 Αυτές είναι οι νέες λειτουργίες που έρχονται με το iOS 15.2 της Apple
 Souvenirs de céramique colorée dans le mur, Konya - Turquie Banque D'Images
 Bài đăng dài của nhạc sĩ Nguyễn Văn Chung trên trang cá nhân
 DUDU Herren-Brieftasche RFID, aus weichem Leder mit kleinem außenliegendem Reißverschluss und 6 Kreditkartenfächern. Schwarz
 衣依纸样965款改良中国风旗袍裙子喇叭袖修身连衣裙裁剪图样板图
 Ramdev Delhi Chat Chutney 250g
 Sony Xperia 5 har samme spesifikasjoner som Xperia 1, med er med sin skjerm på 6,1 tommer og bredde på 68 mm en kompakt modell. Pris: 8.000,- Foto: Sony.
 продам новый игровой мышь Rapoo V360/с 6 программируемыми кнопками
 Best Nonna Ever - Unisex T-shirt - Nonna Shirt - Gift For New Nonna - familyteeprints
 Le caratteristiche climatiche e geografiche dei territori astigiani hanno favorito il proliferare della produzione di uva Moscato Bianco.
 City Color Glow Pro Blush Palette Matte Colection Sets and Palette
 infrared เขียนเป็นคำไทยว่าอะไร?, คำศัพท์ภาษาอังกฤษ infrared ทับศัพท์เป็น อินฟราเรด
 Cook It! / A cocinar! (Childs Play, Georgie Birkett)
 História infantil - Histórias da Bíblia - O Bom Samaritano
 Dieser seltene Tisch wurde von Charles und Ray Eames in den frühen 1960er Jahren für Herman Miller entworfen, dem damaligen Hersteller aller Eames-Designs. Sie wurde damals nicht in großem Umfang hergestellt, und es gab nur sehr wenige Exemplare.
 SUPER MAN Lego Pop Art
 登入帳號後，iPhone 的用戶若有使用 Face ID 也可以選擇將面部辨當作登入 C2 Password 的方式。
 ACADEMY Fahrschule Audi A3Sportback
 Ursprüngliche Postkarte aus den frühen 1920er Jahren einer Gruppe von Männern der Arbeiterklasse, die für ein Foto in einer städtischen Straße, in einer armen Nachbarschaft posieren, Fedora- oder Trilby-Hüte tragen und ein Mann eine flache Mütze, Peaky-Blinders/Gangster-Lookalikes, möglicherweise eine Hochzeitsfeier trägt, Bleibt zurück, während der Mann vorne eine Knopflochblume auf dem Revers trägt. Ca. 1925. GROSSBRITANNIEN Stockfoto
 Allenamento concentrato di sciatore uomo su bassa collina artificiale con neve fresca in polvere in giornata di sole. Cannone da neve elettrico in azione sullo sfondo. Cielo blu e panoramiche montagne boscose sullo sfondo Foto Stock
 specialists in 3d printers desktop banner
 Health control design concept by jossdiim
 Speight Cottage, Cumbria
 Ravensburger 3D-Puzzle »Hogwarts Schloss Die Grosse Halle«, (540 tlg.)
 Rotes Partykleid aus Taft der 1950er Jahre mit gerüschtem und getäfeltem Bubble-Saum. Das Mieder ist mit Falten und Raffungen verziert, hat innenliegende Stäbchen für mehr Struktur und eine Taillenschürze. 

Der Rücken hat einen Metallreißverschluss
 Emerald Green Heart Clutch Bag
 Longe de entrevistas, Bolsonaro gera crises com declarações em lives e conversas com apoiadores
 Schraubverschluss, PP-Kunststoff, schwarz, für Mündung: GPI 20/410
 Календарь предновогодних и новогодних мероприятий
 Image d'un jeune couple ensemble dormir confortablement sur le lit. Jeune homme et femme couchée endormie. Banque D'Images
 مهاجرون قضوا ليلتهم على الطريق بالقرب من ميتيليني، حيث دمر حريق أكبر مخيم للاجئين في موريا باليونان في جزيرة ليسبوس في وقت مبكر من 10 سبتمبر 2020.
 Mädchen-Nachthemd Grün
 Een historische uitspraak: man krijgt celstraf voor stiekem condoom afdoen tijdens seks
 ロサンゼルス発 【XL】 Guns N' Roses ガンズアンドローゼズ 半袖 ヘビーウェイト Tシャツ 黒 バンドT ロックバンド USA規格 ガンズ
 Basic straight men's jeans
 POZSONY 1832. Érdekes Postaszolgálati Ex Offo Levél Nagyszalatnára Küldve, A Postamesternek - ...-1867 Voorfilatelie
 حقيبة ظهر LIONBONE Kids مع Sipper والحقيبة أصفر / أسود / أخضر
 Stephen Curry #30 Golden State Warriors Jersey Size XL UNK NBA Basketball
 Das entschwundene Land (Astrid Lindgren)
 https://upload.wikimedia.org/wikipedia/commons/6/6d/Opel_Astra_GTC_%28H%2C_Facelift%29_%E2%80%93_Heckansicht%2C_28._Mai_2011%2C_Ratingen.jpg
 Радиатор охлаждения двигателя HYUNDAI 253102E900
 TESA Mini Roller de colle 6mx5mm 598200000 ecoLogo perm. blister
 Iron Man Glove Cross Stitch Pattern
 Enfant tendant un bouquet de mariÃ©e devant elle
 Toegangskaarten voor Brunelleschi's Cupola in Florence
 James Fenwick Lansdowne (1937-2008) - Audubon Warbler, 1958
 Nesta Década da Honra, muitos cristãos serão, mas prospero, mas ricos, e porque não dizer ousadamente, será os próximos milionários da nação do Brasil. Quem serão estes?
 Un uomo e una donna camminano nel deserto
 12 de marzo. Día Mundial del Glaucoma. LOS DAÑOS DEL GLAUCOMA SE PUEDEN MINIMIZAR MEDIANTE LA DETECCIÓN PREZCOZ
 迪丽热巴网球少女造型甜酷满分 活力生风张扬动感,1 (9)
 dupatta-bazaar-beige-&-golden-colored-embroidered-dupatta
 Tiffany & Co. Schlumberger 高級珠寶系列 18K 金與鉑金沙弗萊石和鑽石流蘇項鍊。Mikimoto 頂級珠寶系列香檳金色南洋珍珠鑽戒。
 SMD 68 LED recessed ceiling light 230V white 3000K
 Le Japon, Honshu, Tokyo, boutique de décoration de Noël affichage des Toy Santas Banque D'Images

• • • • •

The first line of the data, the line with "Best Nonna Ever", and all lines in between are to be copied exactly. Leave out everything else.

Your solution
 Αυτές είναι οι νέες λειτουργίες που έρχονται με το iOS 15.2 της Apple
 Souvenirs de céramique colorée dans le mur, Konya - Turquie Banque D'Images
 Bài đăng dài của nhạc sĩ Nguyễn Văn Chung trên trang cá nhân
 DUDU Herren-Brieftasche RFID, aus weichem Leder mit kleinem außenliegendem Reißverschluss und 6 Kreditkartenfächern. Schwarz
 衣依纸样965款改良中国风旗袍裙子喇叭袖修身连衣裙裁剪图样板图
 Ramdev Delhi Chat Chutney 250g
 Sony Xperia 5 har samme spesifikasjoner som Xperia 1, med er med sin skjerm på 6,1 tommer og bredde på 68 mm en kompakt modell. Pris: 8.000,- Foto: Sony.
 продам новый игровой мышь Rapoo V360/с 6 программируемыми кнопками
 Best Nonna Ever - Unisex T-shirt - Nonna Shirt - Gift For New Nonna - familyteeprints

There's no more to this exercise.